Animosidade confere a dicotomia entre o visível e o invisível; o sagrado e o profano; o espiritual e o material; a arte e a técnica; a cultura e a religião; o político e o social; o indivíduo e a comunidade; a economia e a política; o conceito e a realidade; a terapia e a comunidade.

Os praticantes da religião animista, ou seja, da animosidade, detêm uma visão concêntrica do mundo em que tudo se mantém tudo se integra. Nesta perspectiva, a vida, a força a existência são uma realidade idêntica. Os especialistas da magia, os anciões, a comunidade, os animais, os vegetais, o mundo orgânico, os fenômenos naturais, os astros – e o mundo invisível – Deus, os gênios, os ancestrais – formam um todo. Eles estão intrinsecamente ligados numa simbiose de vida indestrutível.

A este propósito, Domingos da Fonseca (1997, p.15-16) afirma que o universo sócio cósmico é composto dessa energia divina; está presente na obra de criação de tal maneira que os homens, as criaturas vivas e até os fenômenos naturais estão impregnados dela.

Não obstante, nesta visão do mundo, os seres são hierarquizados, tendo Deus como a fonte de explicação de tudo o que existe, enquanto que o homem é o centro da criação. Os espíritos e os ancestrais são os intermediários entre Deus e o homem, o qual está em contato permanente com o mundo invisível dos ancestrais, dos espíritos, dos gênios e com as forças da natureza. Deste ensinamento e aprendizado, tanto da religião islâmica como da religião animista, suas relações e

diversidades refletem na educação e interação harmoniosas de ambas as religiões no país.

Esta harmoniosa relação da diversidade religiosa que impera no país está sendo cada vez mais minada pelo proveito de dividendo dos políticos, com convicção política mal orientada, dando tratamento diferenciado e privilegiando algumas religiões. A constituição da Guiné- Bissau orienta o país como um Estado laico, onde normalmente vivem religiões diferentes sem que haja discriminação. Desse assunto, pode destacar-se a estratégia do Ex-presidente da República e do segundo maior partido35 político na Guiné-Bissau – Koumba Yala.

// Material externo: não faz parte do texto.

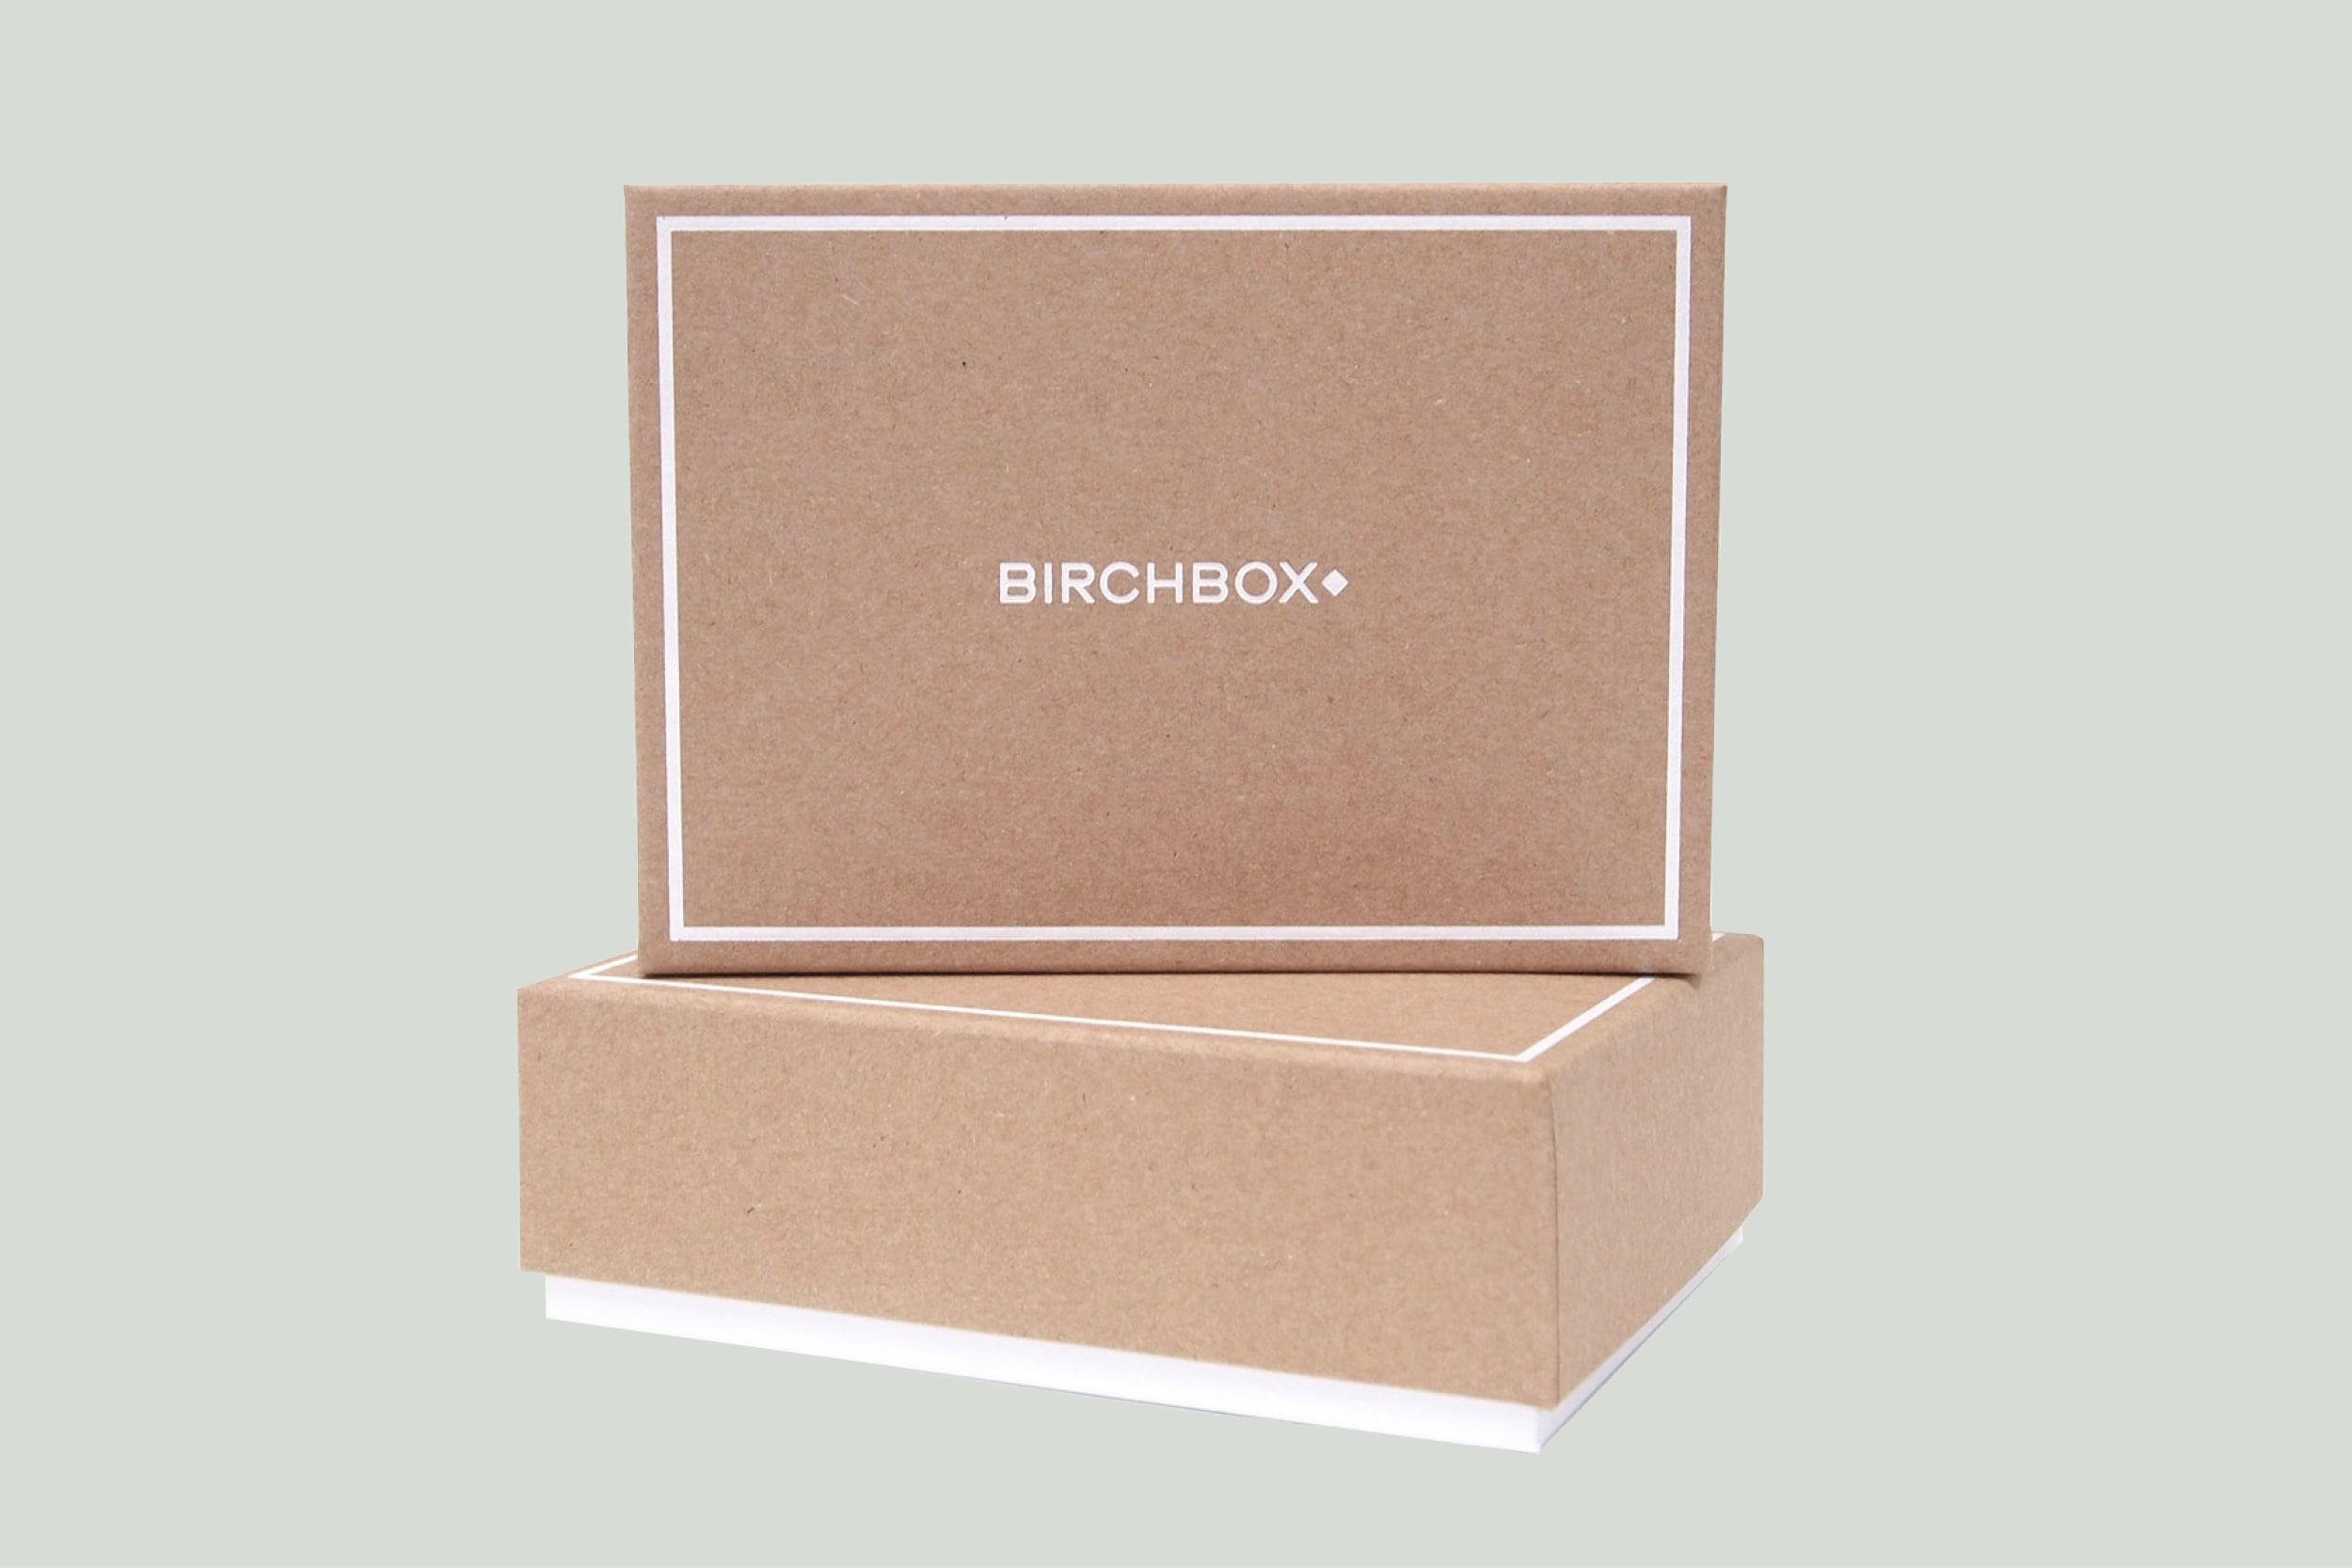 femke_nouters-box-packaging-design

Esse foi outro aspecto que ficou igualmente observado por Kowdawo. Conforme Fafali Kowdawo (2009, p.7), a conversão de Kumba Yala, independentemente das razões pessoais que o levaram a mudar de credo religioso, acabou de fato por não surtir os efeitos desejados. Mohamed Kumba Yala pretendia, com essa sua conversão religiosa, não só assegurar a sua base étnica e política de apoio, mas também um piscar do olho a uma franja islâmica da população. Porém, visto desse prisma, o mesmo seria dizer que independentemente da motivação religiosa, por detrás da conversão de Kumba Yala, ao Islão, os dividendos políticos que Mohamed Kumba Yala pretendia assacar, dessa opção religiosa, acabaram por ficar aquém do desejado. Mas, nas nossas análises sociológicas, mesmo sendo assim, é algo que ainda merece atenção, porque vai disseminando e criando bases que, posteriormente, poderão gerar consequências indesejáveis no campo religioso.